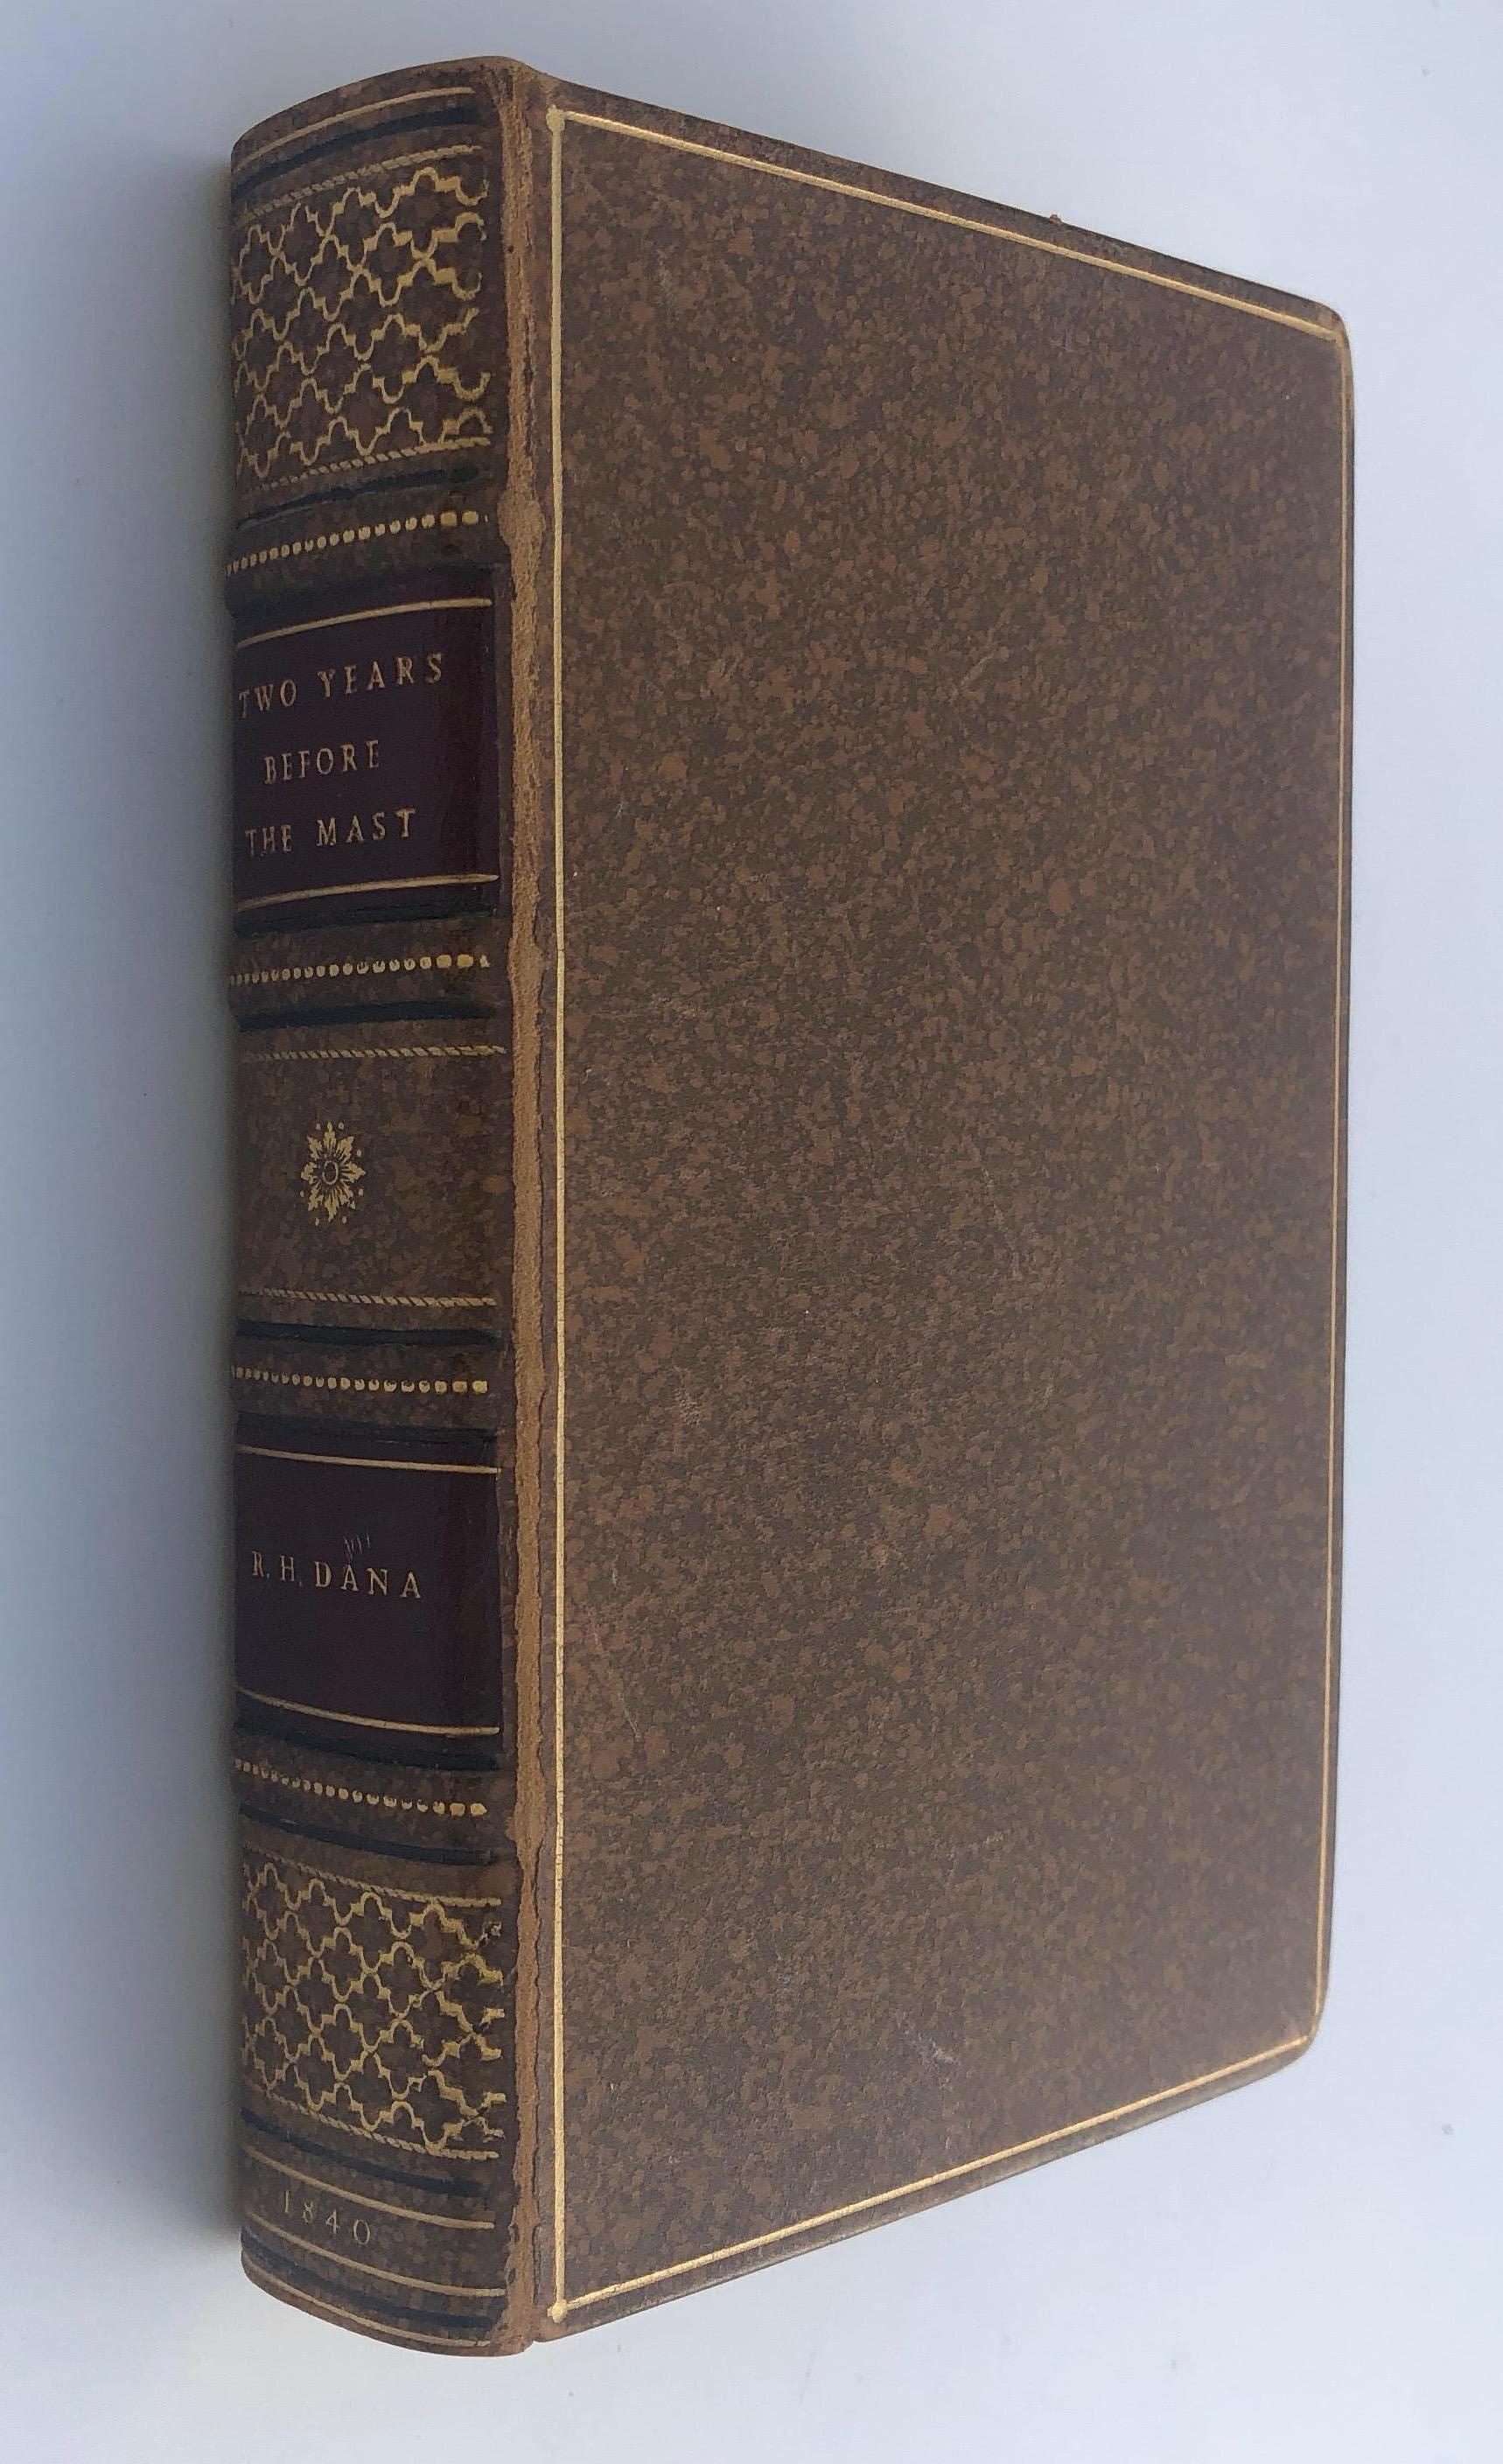 Richard Henry Dana - Two Years Before the Mast. A Personal Narrative of Life at Sea.
First Edition, Harper & Brothers N.Y. 1840.

A very important classic of American literature. The book records Dana's visit aboard the brig The Pilgrim to

---

## About this task
Copy the material above in full and exactly, skipping pictures.

## Reply to the task
 Richard Henry Dana - Two Years Before the Mast. A Personal Narrative of Life at Sea.
First Edition, Harper & Brothers N.Y. 1840.

A very important classic of American literature. The book records Dana's visit aboard the brig The Pilgrim to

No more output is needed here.